If it became available, someone showed up at your door and was like, “We gotta turn a life pill. I got you if you want it.” You’d opt out.
Of course, anything that is godless, I would opt out of. Because an internal life pill is its idolatry. It’s not putting the Creator at the forefront. A false god isn’t just some. I’m not even going to name any of these names from the Bible of these false gods, but it’s not just this thing that you bow down to, hopefully not. Hopefully, you recognize that we all have false idols we put above our higher power at times in our lives, and then we make the mistake and course-correct. It could be our job, our career, our business, it could be a relationship, it could be the pursuit of wealth or honor. These are all false idols, too. The pursuit of eternal life is incongruent with putting God first, I think.
Give me that. Most entrepreneurs that I know make either money or wealth, their God at the front half of life. They kind of snap up, and their heart knocks on your door. NASA, what about me?
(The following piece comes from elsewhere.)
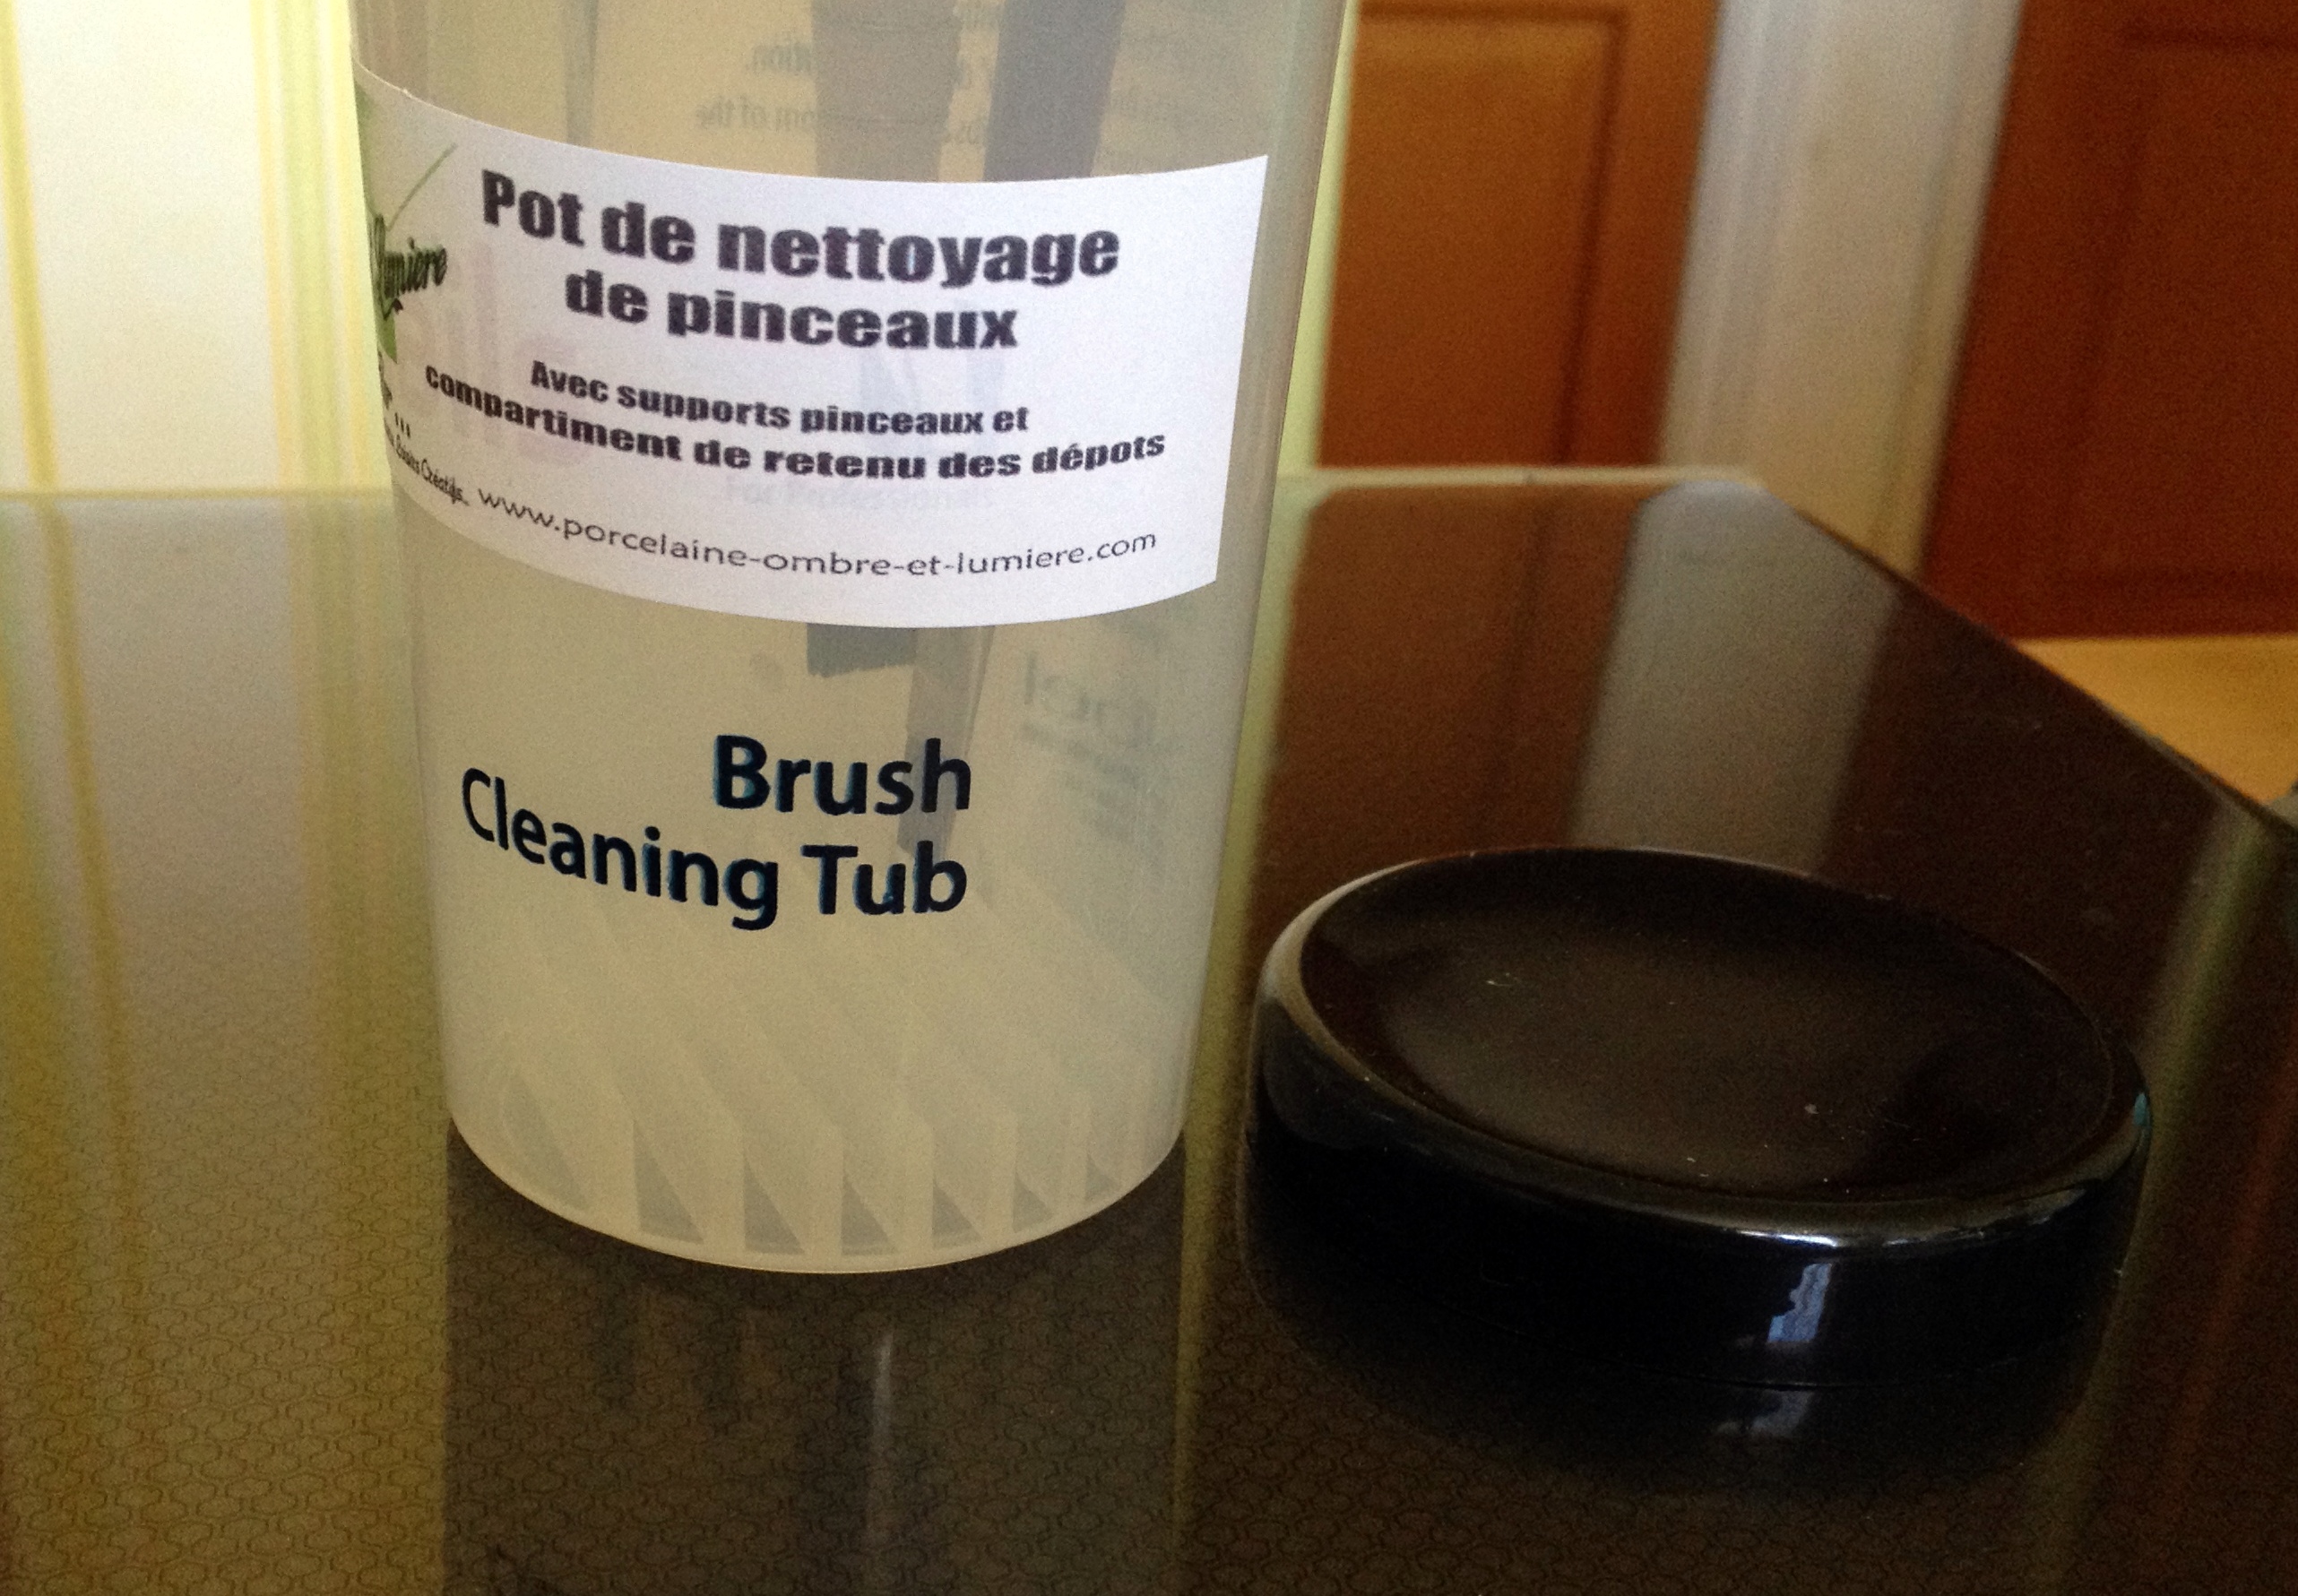 Brush Cleaning Tub

I know we’re at a time here, but I guess what would be the wisdom nugget that you want to leave our listener or viewer with that will help them kind of deal with this existential angst or fear that things are maybe not always going to work out for their highest good or that maybe there isn’t an all-knowing, beneficent, benevolent creator and they’re struggling with their faith or they’re struggling with their spiritual path or their raison d’etre, their reason for living. What do you tell them?
The first thing that comes to mind is the idea that I can look back on my own life and know that the sources of the biggest pain were also the biggest lessons from my teachers. In fact, everything that’s happened needed to happen for me to be here. Almost any little micro decision or any macro decision in the past would have changed where you are right now. If you’re going through it, you’re probably just going through a learning lesson, and it’s gonna be better on the other side, I’m assuming. That kind of mindset works well for me.
Matt, this was a fabulous conversation. Thank you for being open and vulnerable and just real with not just me, but with our listeners as well. If they wanted to explore, I don’t know, let’s say working with your agency or learning from you, getting coaching from you, since you’re interested in pursuing that as well. Where should we send them?
For digital marketing-type stuff, go to diggitymarketing.com for my coaching. You can go to diggitymarketing.com forward slash free dash coaching and sign up on a list to just have a half an hour session with me and see if we are a good fit to work together. The coaching thing is an experiment for me. I’m learning from you as much as you’re learning from me. I’d appreciate the opportunity to practice that new aspect of my life as well.
Matt, thank you so much. And thank you, listener. Thank you for being part of this journey. We’re all taking together, as Ram Dass famously said, “We’re all just walking each other home.” Catch you in the next episode. I’m your host, Stephan Spencer, signing off.